OW demonstrated lower MTU stiffness than NW that hinders their capacity to passively store elastic energy. Low plantarflexor stiffness and work absorption were associated with adiposity, low strength, diminished lower-extremity forces and rates during walking, slower walking speed, and elevated muscle activation. This study presents preliminary evidence that the passive-elastic properties of muscle differ between OW and NW and that these properties are related to the maximal walking performance in older adults.

Highlights.

  • Passive-elastic properties of skeletal muscle may be altered by age and adiposity.

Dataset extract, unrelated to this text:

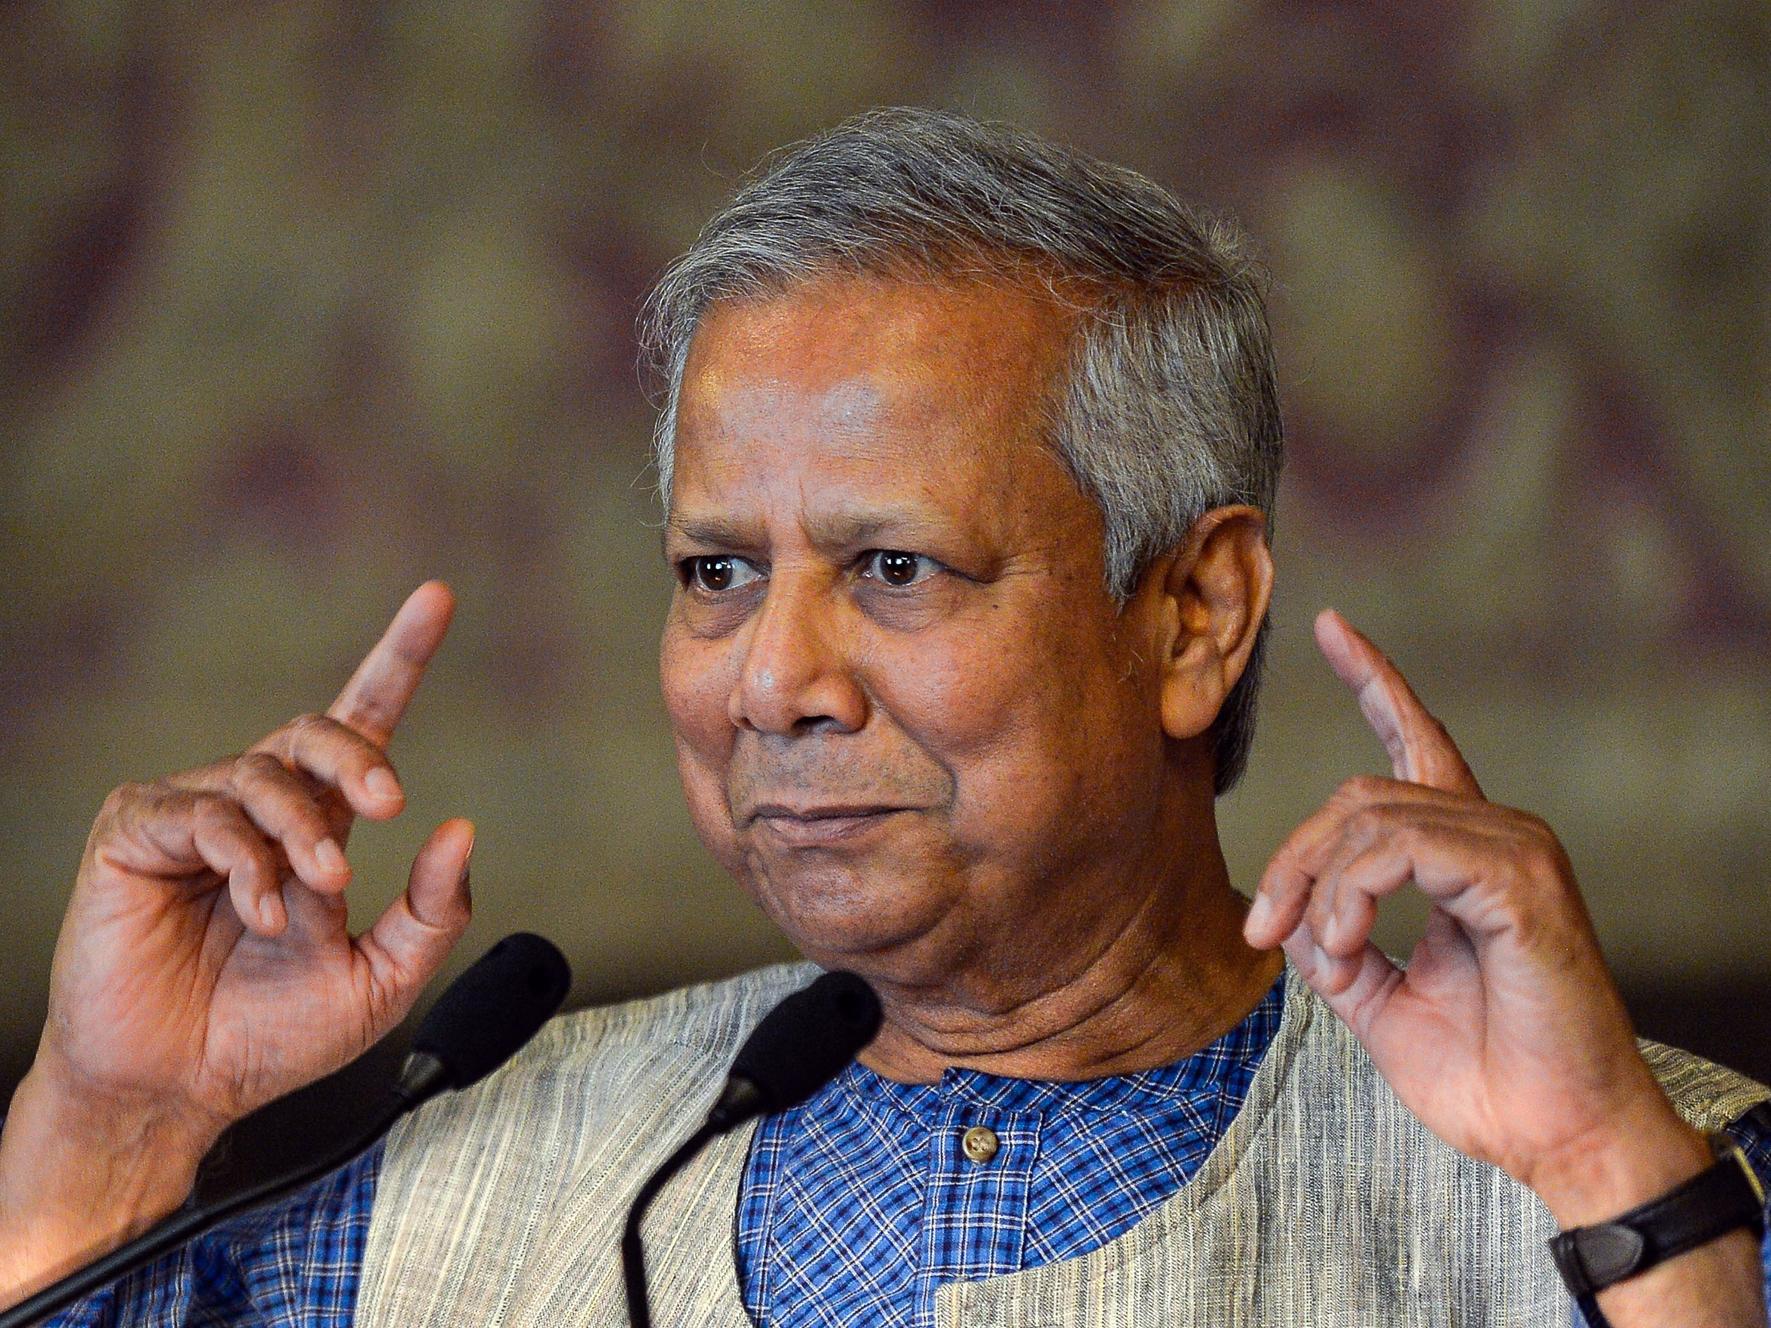 Q&A with Muhammad Yunus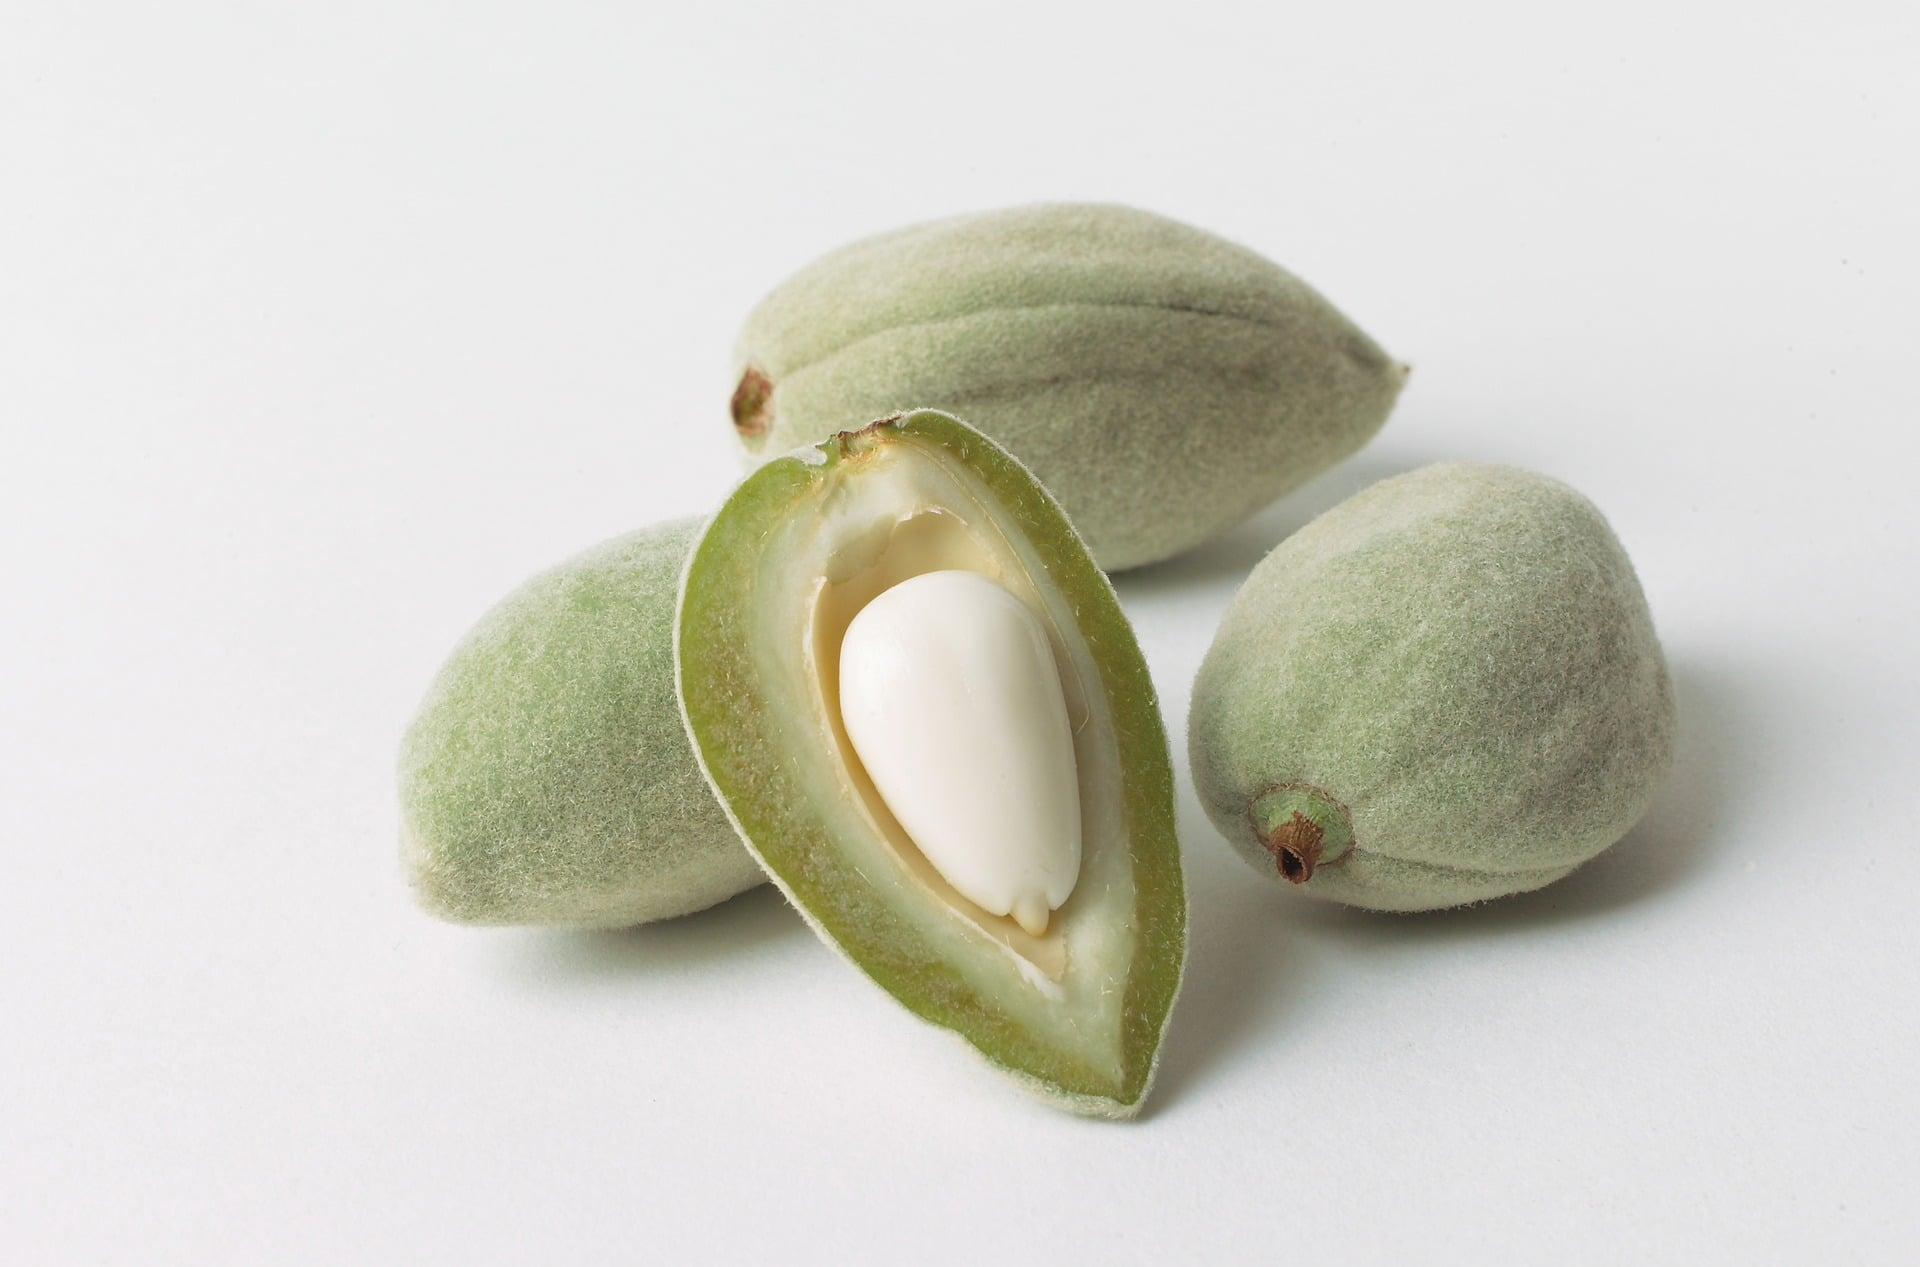 Plodem mandloně obecné je zelená peckovice / foto: pixabay.com

  • Ankle plantarflexor stiffness is lower in overweight and obese older adults than normal weight.

  • Stiffness and work absorption are related to propulsive forces and maximal speed during walking.

  • Muscle activation during walking is greater in obese older adults who possess low plantarflexor stiffness.

Acknowledgments

D.P. LaRoche was supported by the National Center for Advancing Translational Sciences via NIH Grant L30 TR000588. The National Institutes of Health had no involvement in the study design, in the collection, analysis and interpretation of data; in the writing of the manuscript; or in the decision to submit the manuscript for publication.

Footnotes

Conflict of Interest

The author reports no conflict of interest.